Data supplied

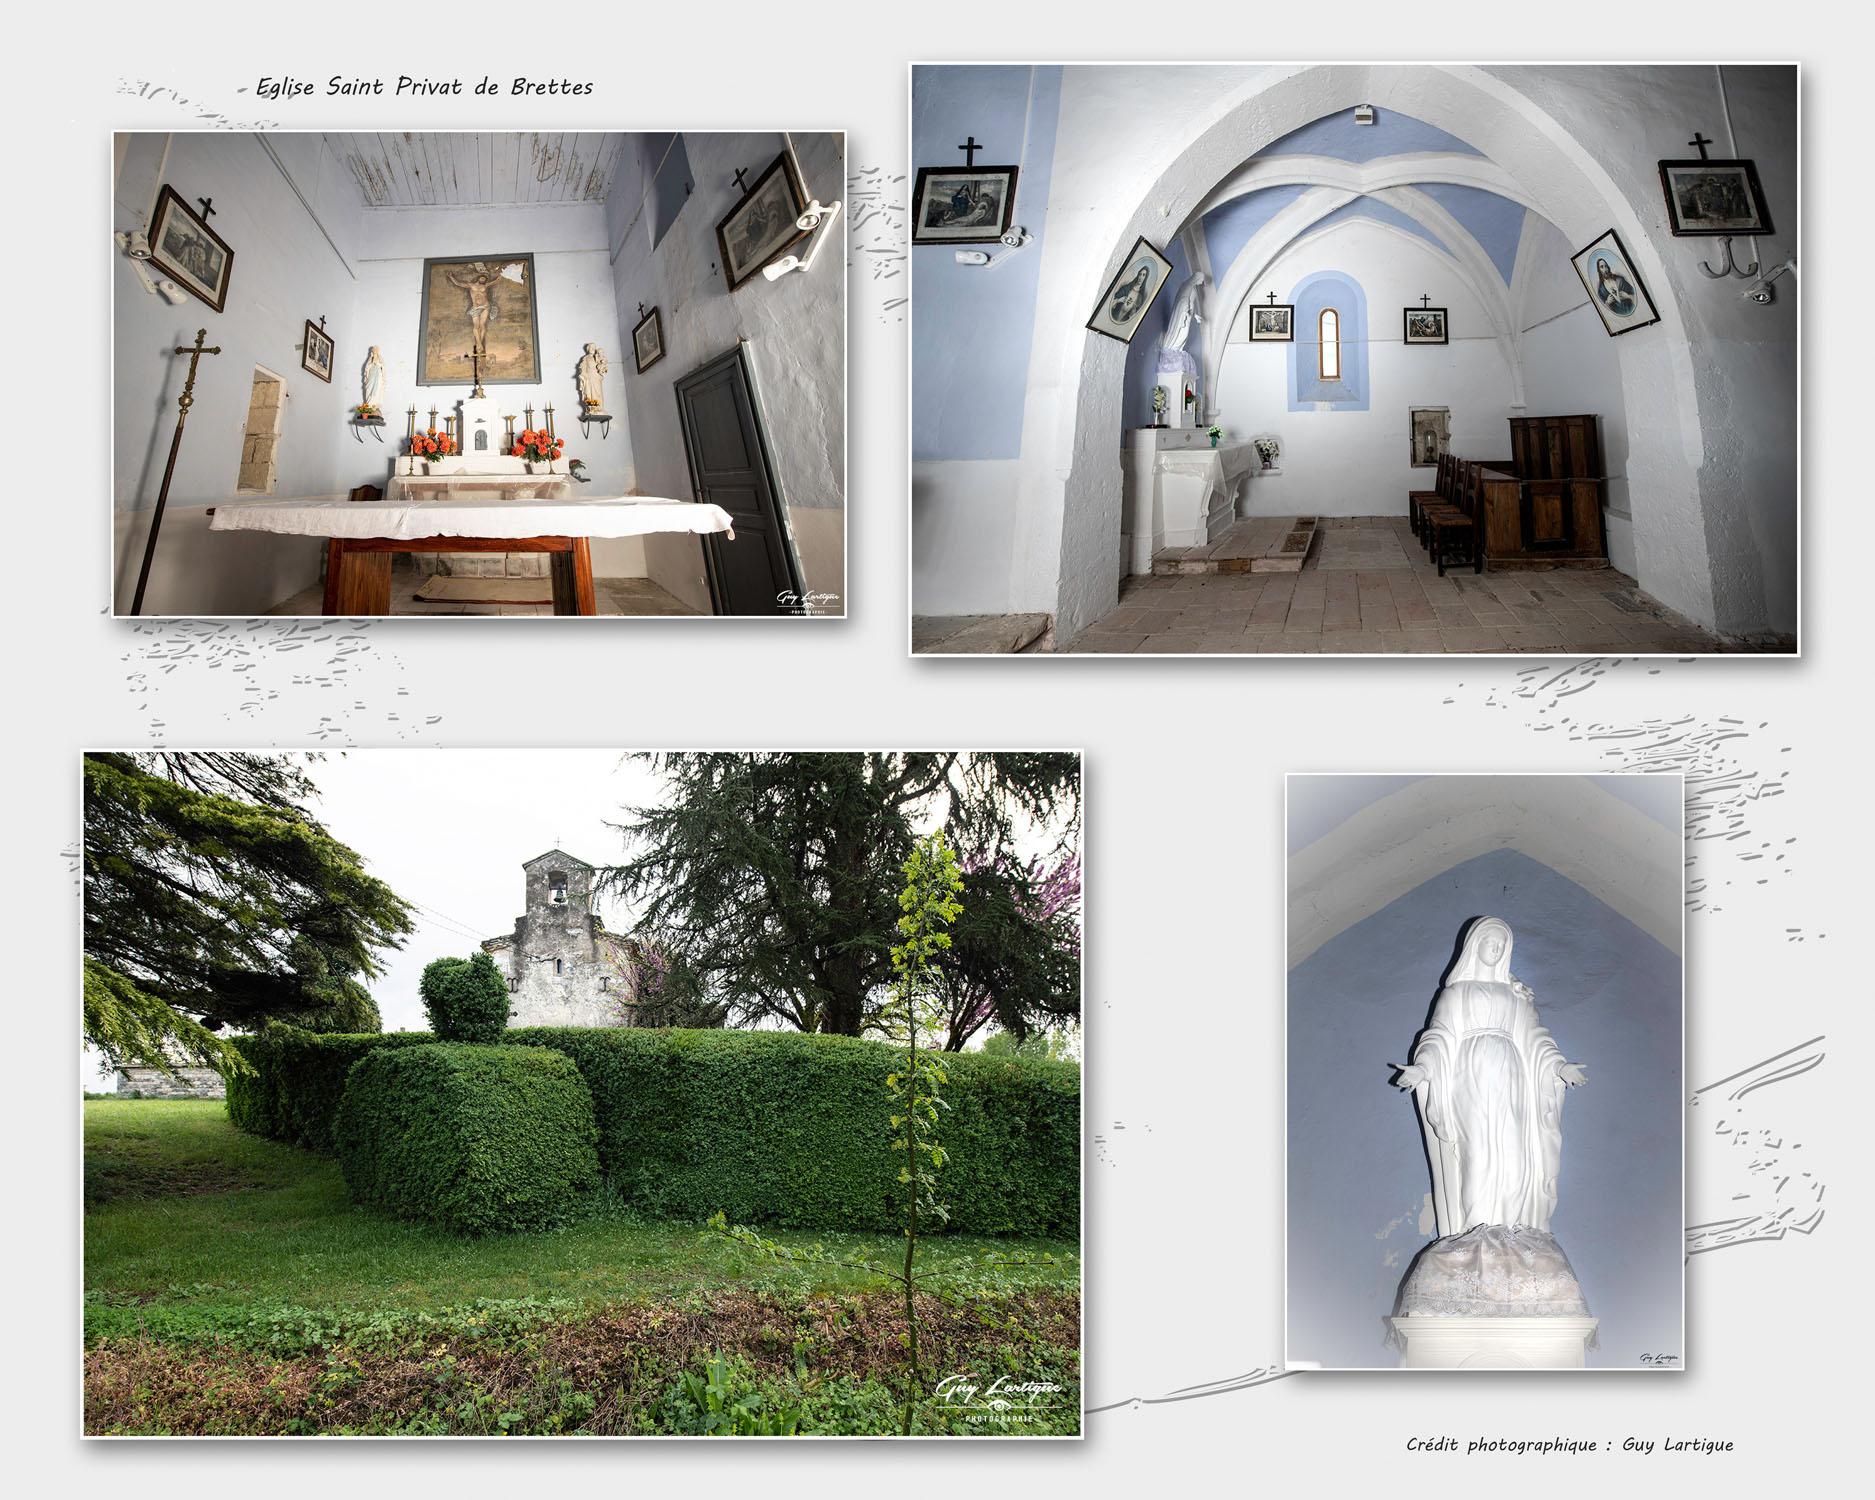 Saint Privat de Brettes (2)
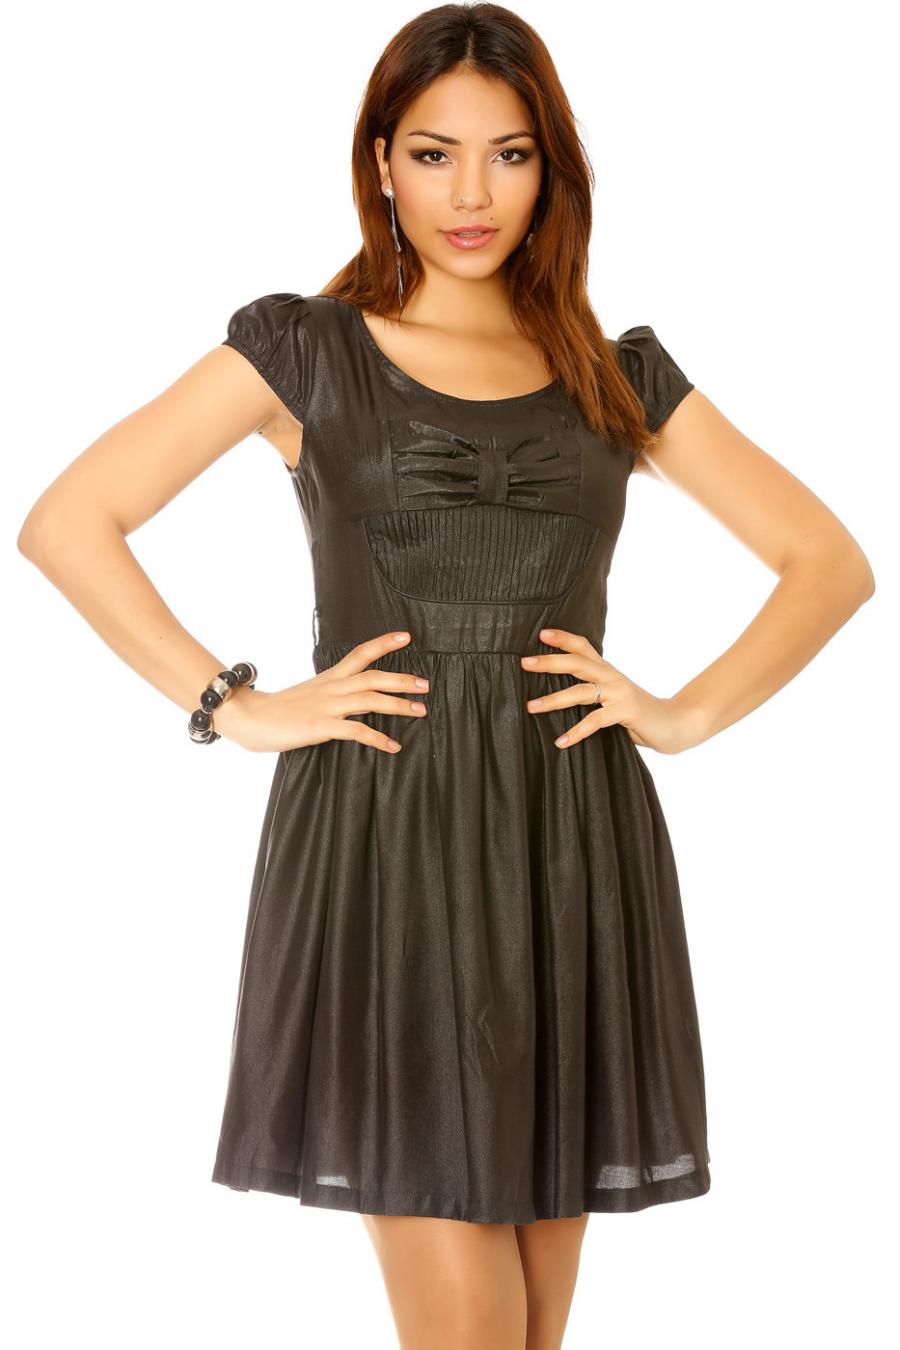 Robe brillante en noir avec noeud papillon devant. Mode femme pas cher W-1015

...

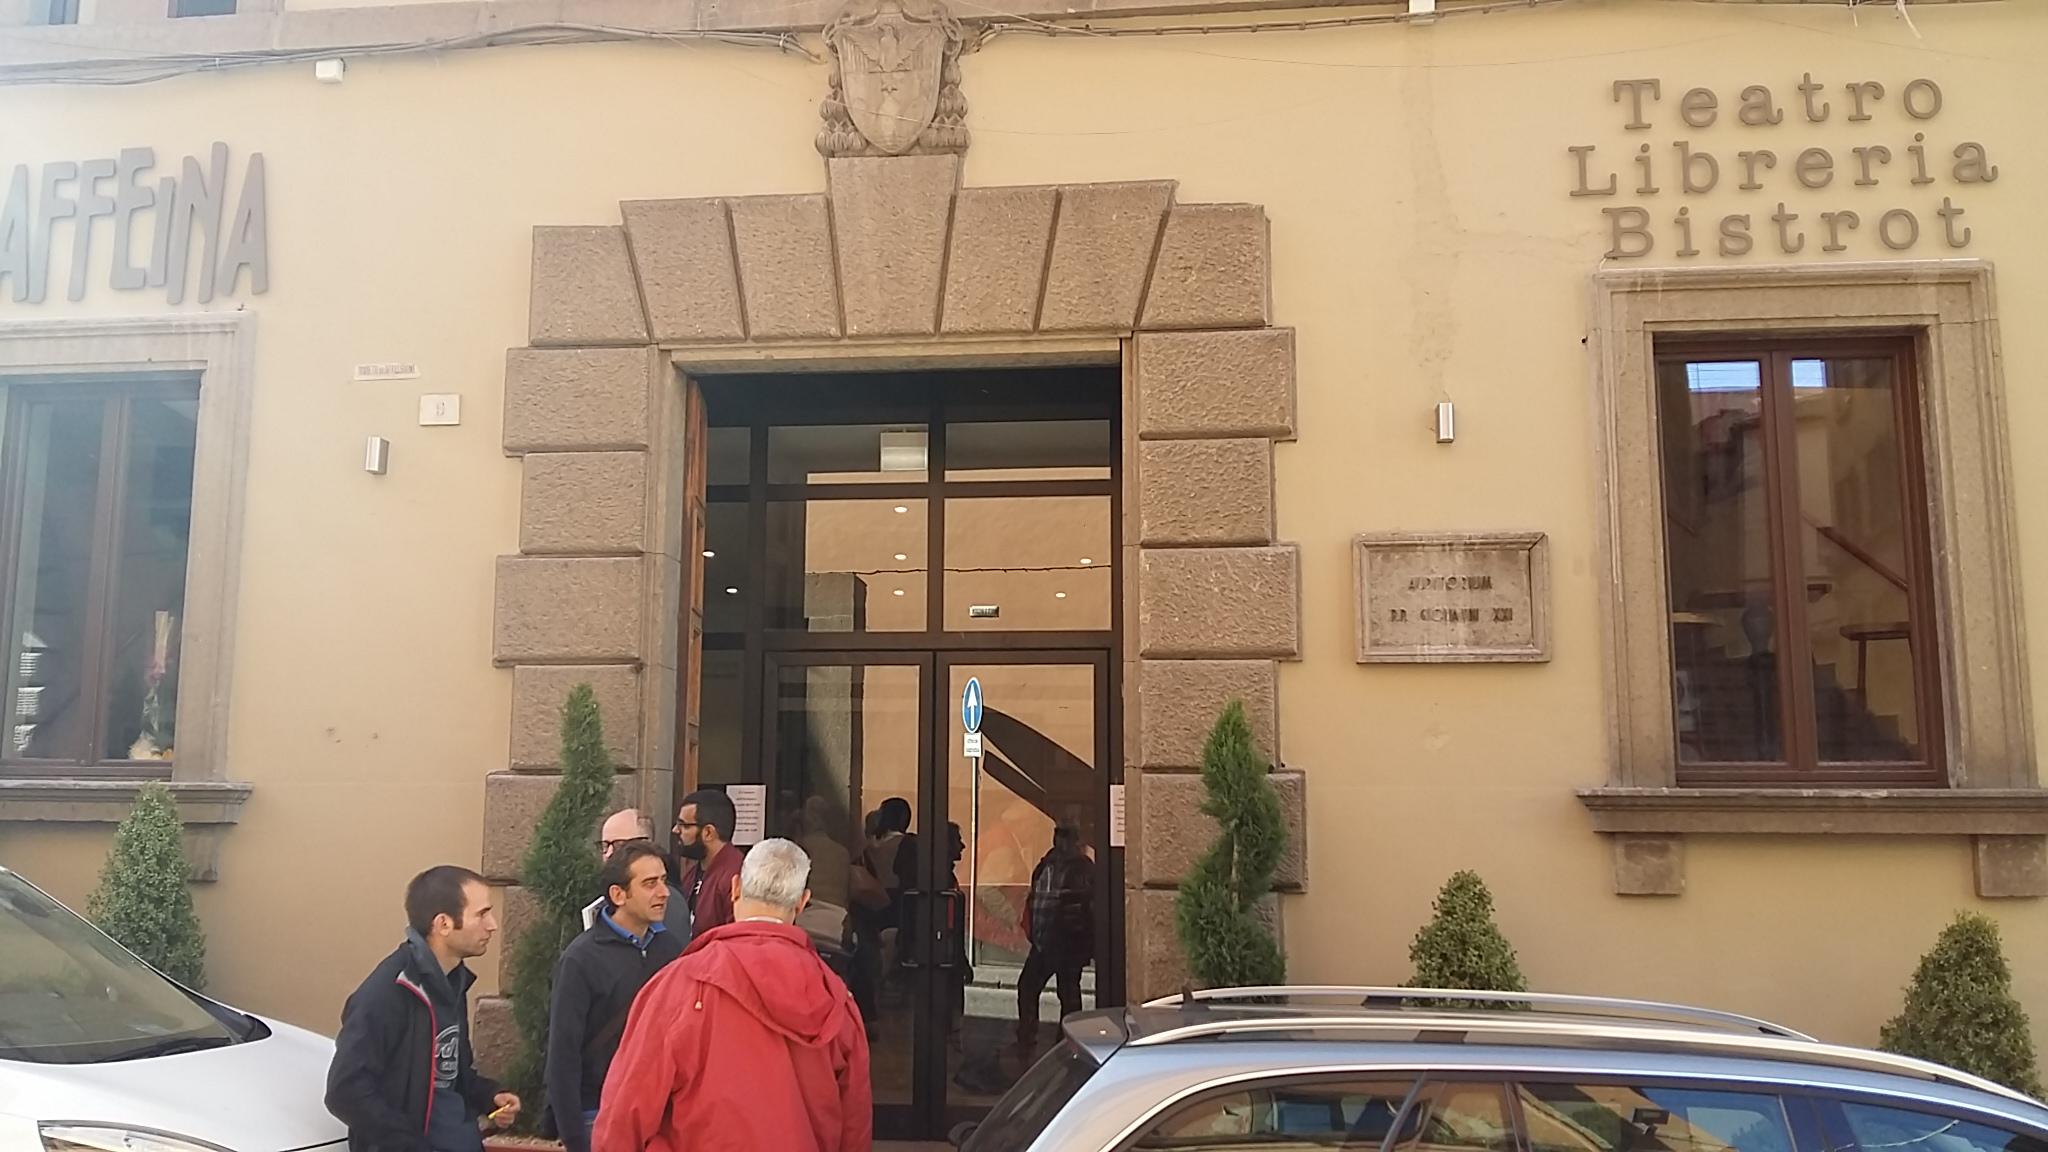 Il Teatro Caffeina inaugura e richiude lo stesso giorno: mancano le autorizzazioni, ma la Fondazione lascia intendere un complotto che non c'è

Work task
Look above and copy only the lines from the one holding "Saint Privat de Brettes (2)" to the one holding "Robe brillante en", both included, exactly, minus the pictures.

Task response
 Saint Privat de Brettes (2)
 Robe brillante en noir avec noeud papillon devant. Mode femme pas cher W-1015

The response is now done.